You quit learning your new language.

Not good.

So both options are out of the window. Fortunately, you don’t have to fight or flee. A superior kind of behavior is possible.

Delay Your Understanding

So how can you outfox your fight or flight response and make learning a new language a less frustrating experience?

By deliberately delaying your understanding.

Sound strange?

It really isn’t.

Like I said, usually when faced with challenging material, we fight, we tighten up, we struggle … until we can’t anymore and we flee.

The time that we fight depends on the person. But it’s the fighting with the material that potentially leads us to quit learning the language.

The urge to fight really comes from that need to understand something right now.

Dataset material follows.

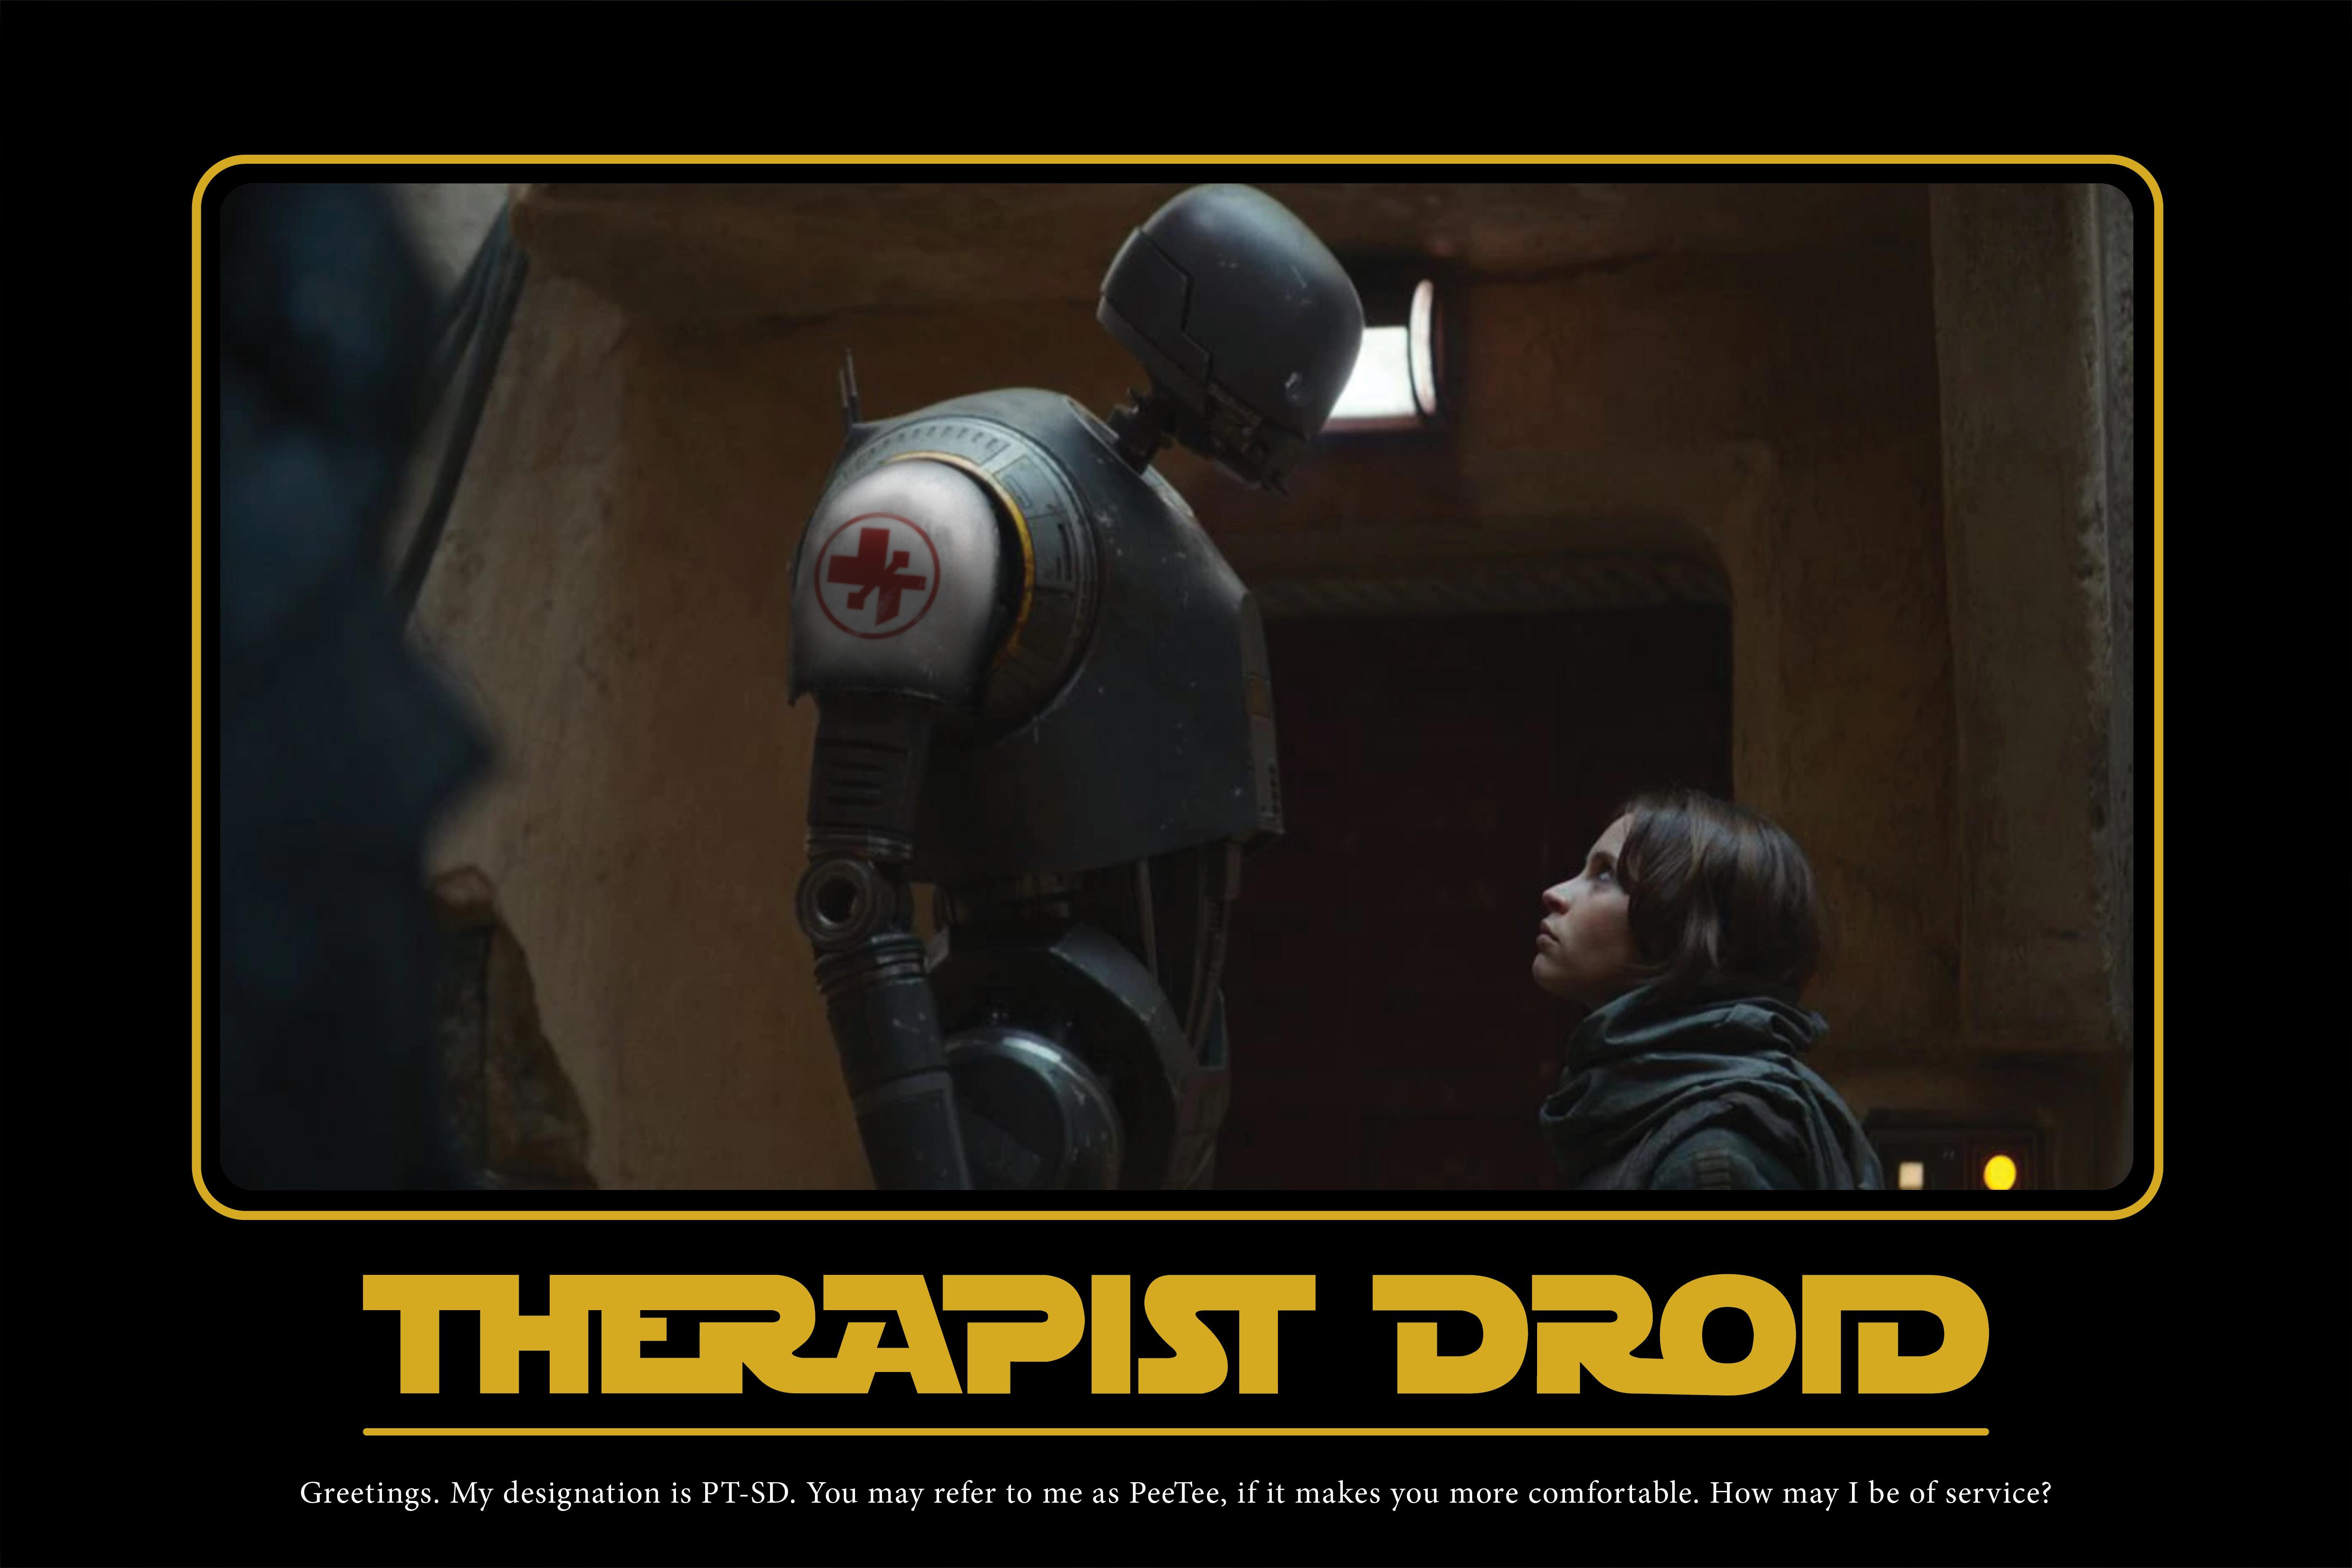 A Star Wars motifake poster starring PT-SD.

If we could somehow delay that urge we would prevent a lot of frustration.

Stepping Back

One way to achieve this is by stepping back when faced with a real challenge. Don’t try to understand. Instead, relax and step back.

Studies have shown that stress inhibits learning, so with learning a language we don’t want (negative) stress involved.

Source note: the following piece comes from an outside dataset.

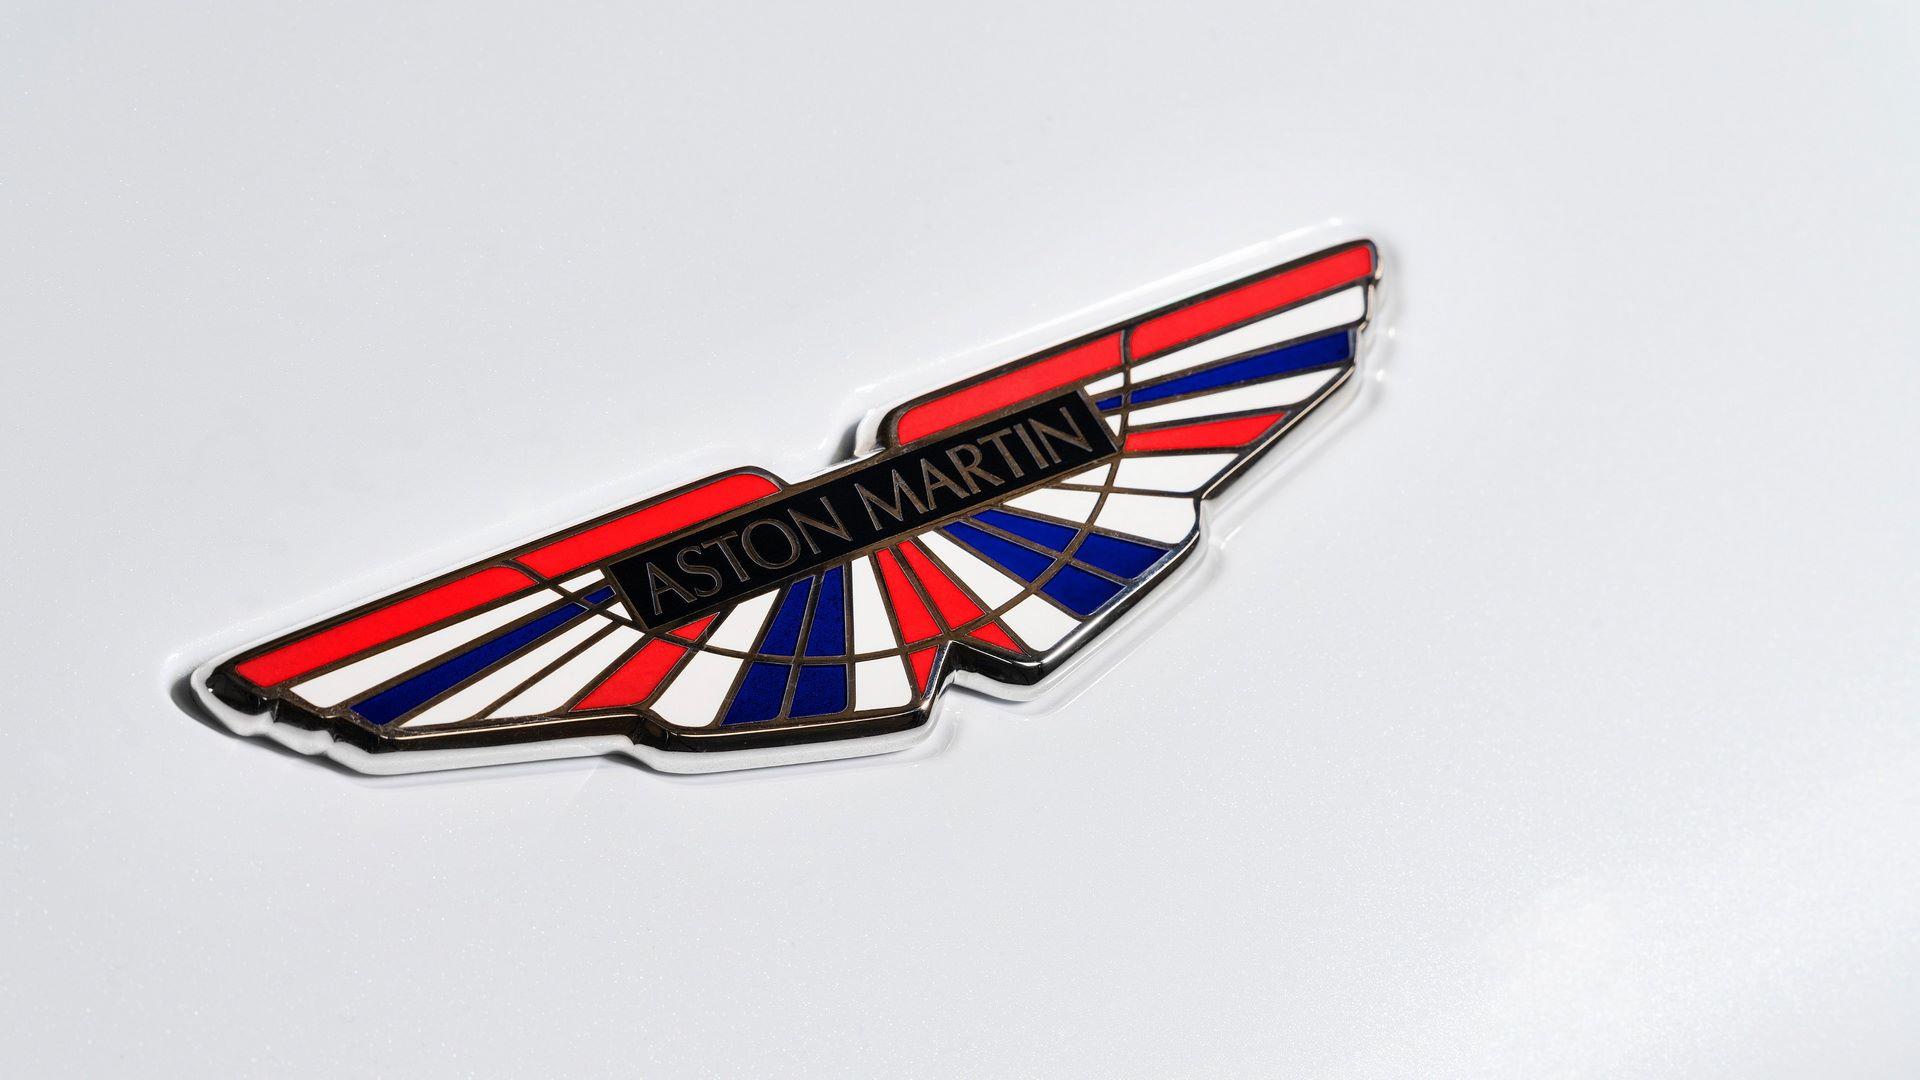 2021-aston-martin-dbs-superleggera-concorde-edition-3-logo

So instead of fighting with it:

  • Relax
  • Step back, and…
  • Give some time to your brain to understand the new information

Some time?

Yes, a few minutes, hours, days or even weeks, if necessary.

You can’t force an Aha! moment. And even less when you’re stressed.

If you can’t understand how to use a certain grammar construction of your target language. You must be patient. Just move on to something else for now. Often, you understand it later down the road and without struggle.

Don’t Do This With Everything!

There are things you pretty much instantly grasp. Should you delay understanding those things?

Of course not. That would be shooting yourself in the foot.

You see, those things won’t stress you. They won’t trigger your inner alarm.

And that’s the key. Your inner alarm. When it sounds, when you feel the struggle, then it’s time to relax, step back and accept to delay your understanding.

You will understand later. It may just be a matter of enough exposure to what you’re struggling with, reading different explanations of it, or leaving it alone for a while for it to sink in. But if you stress out hard enough, most likely there will be no later.

Experience

If you’ve successfully learned another language, then you intuitively already know all that I’ve talked about in this article. You may even, subconsciously or not, apply this delay-your-understanding method already.

In that case, you learned from experience. But it took time and pain to figure it all out, right?

To those of you who haven’t learned another language yet: this is your chance to save a lot of time and frustration!

Instead of learning the hard way, start using this method now, or at least something similar, and you’ll have a gigantic advantage.

You don’t have to stress out about a difficult word or grammar rule. You really don’t.

Just recognize your inner alarm (the stress response), relax, step back and give some time to your brain to understand the new information.